To discover which grape makes the best big red in your neighborhood, you really need to get out and meet local home winemakers, taste a bunch of wines, experiment, and realize it may be generations before we find the right varietals to match your home-town terroir. Experiment! Make some bad wine! Have some fun! Make some sangria if you have to.

Don’t punt with Cabernet! I always say that I prefer Missouri Norton to Missouri Cabernet. It’s not even close. I have put bagged Norton on a table at a blind Cab tasting and the wines have overachieved — scoring higher than half the California Cabs on the counter. Hybrid vines are nothing to be ashamed of — they are more American than any Euro vinifera, and I do believe hybrid and native growers are the only Americans really experimenting with terroir. How can you talk about the relationship of a vine and the environment when the vines are taken from Europe and inserted into our dirt?

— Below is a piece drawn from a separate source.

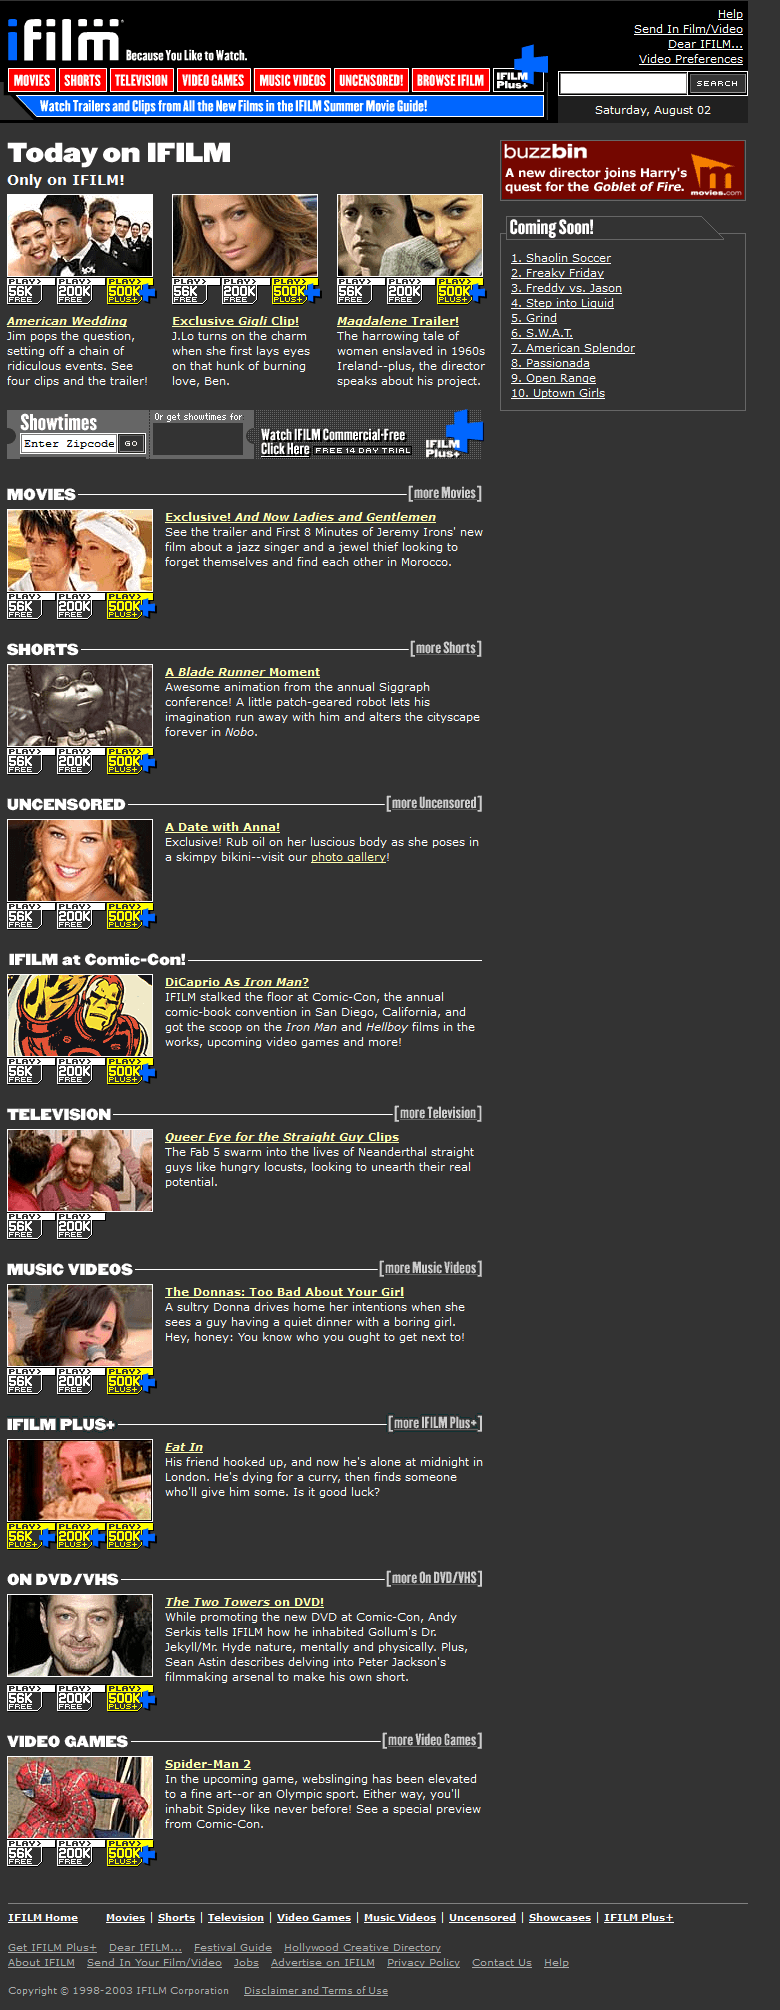 iFilm website in 2003

Syrah gives more color than Grenache, and adapts to a lot of climates, so that may be a good choice. Nebbiolo, Dolcetto, Marechal Foch, Norton, Petit Sirah, Lagrein, Nero d’Avola, and many other grapes can produce big, red wines in warm to hot regions. Growing in cold climate? Try Dornfelder. You won’t believe the color and aroma. Get out there and find out what’s happening in your backyard, in your region, in your state or province and then put some vines in the ground. Viticulture is like golf. You’re not going to shoot par your first time out. It’s humbling and it can spoil a walk.

Quick winemaking tips

• Bleed off 10% of the juice from your red ferment one day after crushing and make some rosé. The remaining 90% will gain more color and extract as a result. If your wine is tannic without a bleed-off, do not remove juice. If the wine is still light, try 20% bleed off the subsequent year.

• Remember that higher pH wines are less stable and require much more SO2 to stay happy and sound in barrel or (especially) carboy.

Vineyard tips

What if you already have a vineyard planted? Let’s see what we can do in the field to increase color and impact.

Pruning: Intensity can be improved by lowering yields on low and moderate/low vigor vineyards. Remove more of last year’s growth, prune to 1 bud or 2 bud spurs and eliminate “kicker” canes. Do not prune this way on high vigor vineyards. Lowering yield on high vigor vines may actually lower quality.

Thinning: Remove unfruitful/double shoots and reduce crop level if necessary by shoot thinning at 6-inch (15-cm) shoot growth, when you can see clearly the amount of crop present.

Canopy: Sun flecking/exposure without burning the fruit will encourage flavor, phenolic and anthocyanin production – all which will combine to make darker and richer wines in the vineyard. Do not overexpose the fruit, but attempt to bathe it in morning and afternoon sun — keep upper leaves to protect it from sunlight from 11 am to 1 pm.

Water: Deficit irrigation can stress a vine at the right time to encourage flavor and color development. Keep the vine healthy and growing, but start letting the soil dry out completely between waterings when you want to see ripeness accelerate.

Harvest: Get it ripe, harvest at night if you can. As long as flavor is increasing and the weather looks good, let it hang! If pH starts climbing to the 3.8 range, unless the TA is sky high, plan on picking. Hang time is key for flavor and sugar, so if you can get 28 °Brix and still have sound fruit, that will make a big red! Try watering back ripe must to 24.5 °Brix, but if you want it really big, crank it to 25.5. The wine will still be dense and ripe, but the alcohol will be in check. Adding 20 g of tartaric acid per gallon (5g/L) of water will keep the pH fairly stable.

Chasing the big red

The quest for the big red is as old as time itself. As Dr. Patrick McGovern points out in his book Uncorking the Past, European grape wine is given such reverence by humans because it makes the strongest booze in nature. It could be argued that making big, high alcohol wines is the evolutionary destiny of human beings, and when we make these types of wines we are just testing the limits of the yeast’s biology and our liver’s tenacity.


Those who like a lighter wine generally think those that like the big reds are missing something. But are they?